Koltai, Júlia – Kmetty, Zoltán – Bozsonyi, Károly (2019) From Durkheim to machine learning – finding the relevant sociological content in a social media discourse. In: Rudas, Tamás – Péli, Gábor (eds.) Pathways Between Social Science and Computational Social Science – Therories, Methods and Interpretations. New York, NY, Springer. (forthcoming)

The phenomenon of suicide is in the focus of social scientists since Durkheim. Internet and social media sites provide new ways for people to express their positive feelings, but they are also platforms to express suicide ideation or depressed thoughts. Most of these contents are not notes about real suicides, but some of them are cry for help. Nevertheless, suicide and depression related content varies among platforms and it is not evident, how a researcher can find these contents in mass data of social media.  Our paper uses the corpus of more than 4 million Instagram posts, related to mental health problems. After defining the initial corpus, we present two different strategies to find the relevant sociological content in the noisy environment of social media. The first approach starts with a topic modelling (Latent Dirichlet Allocation), which output serves as the basis of a supervised classification method, based on advanced machine learning techniques. The other strategy is built on an artificial neural network based word embedding language model.

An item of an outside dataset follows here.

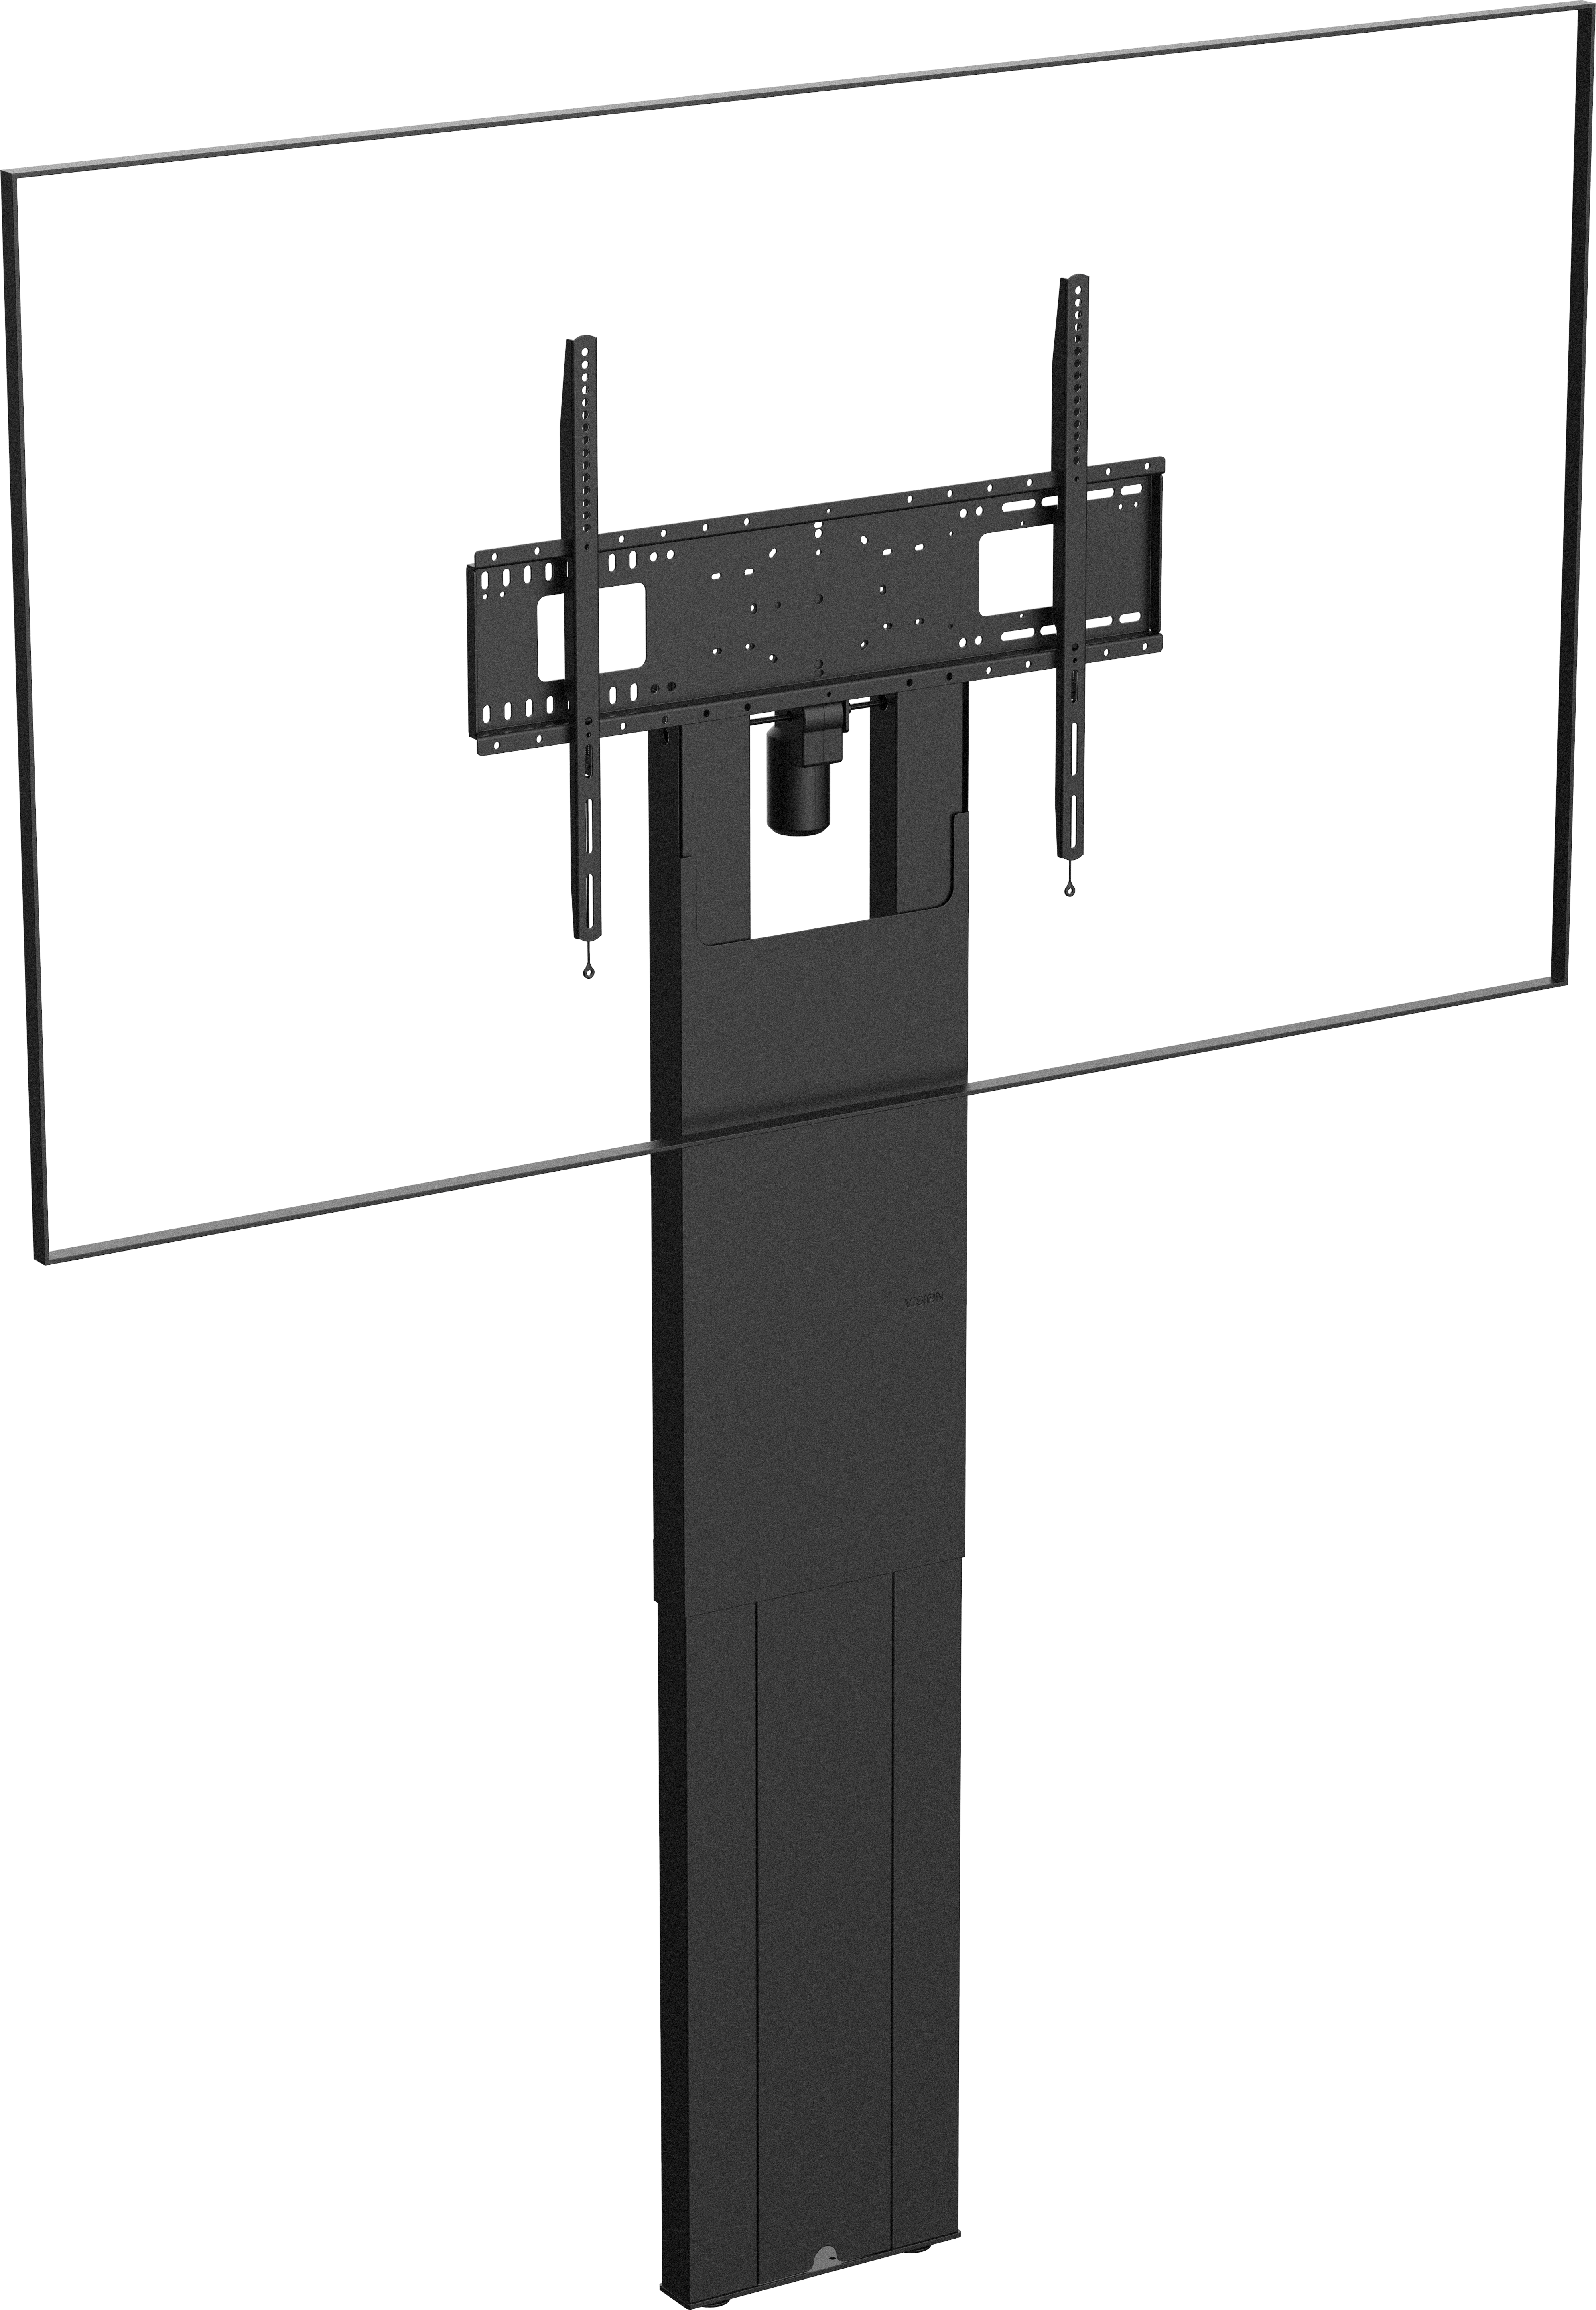 An image showing Soporte a suelo motorizado para pantallas planas

Bartus, Tamás – Kisfalusi, Dorottya – Koltai, Júlia (2019) Logisztikus regressziós együtthatók összehasonlítása (The Comparison of Coefficients in Logistic Regression) In: Statisztikai Szemle (Hungarian Statistical Review) 97(3): 221-240.

Recently, increasing attention has been devoted to the problem that estimated coefficients of logistic (and other non-linear) regression models cannot be compared across groups, samples, or nested model specifications due to the possible differences in the magnitude of unobserved heterogeneity. This study reviews methods which aim to solve this problem and investigates their effectiveness through simulation. Parameter estimates of nested model specifications can be made comparable using y-standardization or by comparing the estimates of the multivariate model to the estimates of a special, quasi-univariate model. Methods which aim to make coefficients comparable across groups and samples (such as testing the proportionality of interaction effects and heterogeneous choice models), however, do not provide adequate solutions for the problem. Causes behind this failure are discussed. 


Related presentations

Németh, Renáta: Data Science and Statistics. Presentation and opening of a debate. Meeting of the Hungarian Society for Clinical Biostatistics, October 19, 2018.

The presentation gave an overview of methodological paradigm of “Big Data” and its relation to classic statistics. The debate concerned the problem’s relevance from a biostatistical point of view.


Kmetty, Zoltán – Koltai, Júlia: Big data based decision making mechanisms from the viewpoint of social sciences. Presentation at the event of HUB Design House, called  ‘The Power of Big Data’ January 9, 2019.

In our presentation, we presented the possibilities of large scale data-based decision making, focusing on the dangers, when this type of decision making does not work properly. Within this latter topic, we emphasised the importance of interpretation and causality.


Kmetty, Zoltán – Koltai, Júlia: Understanding Cultural Choices with NLP (2019). Presentation at the Data Science Meetup Budapest, May 9, 2019.

Parallel with the rise of digital textual data, natural language processing methods developed rapidly in the last decade. In our presentation, we will focus on artificial neural network based word embedding methods, which became widespread in recent years. Different fields apply these methods, such as linguists for dictionary building; developers for music video recommendations systems; companies for the analysis of product reviews, etc. However, their application in the understanding of human behaviour and culture was limited so far, though the huge amount of available digital data (text) provide a lot of information about our preferences, choices and the way we think. We will show several examples of the utilization of word embedding methods in this field. The presentation also provides details about the methodology, the problems to be solved and the directions of further development.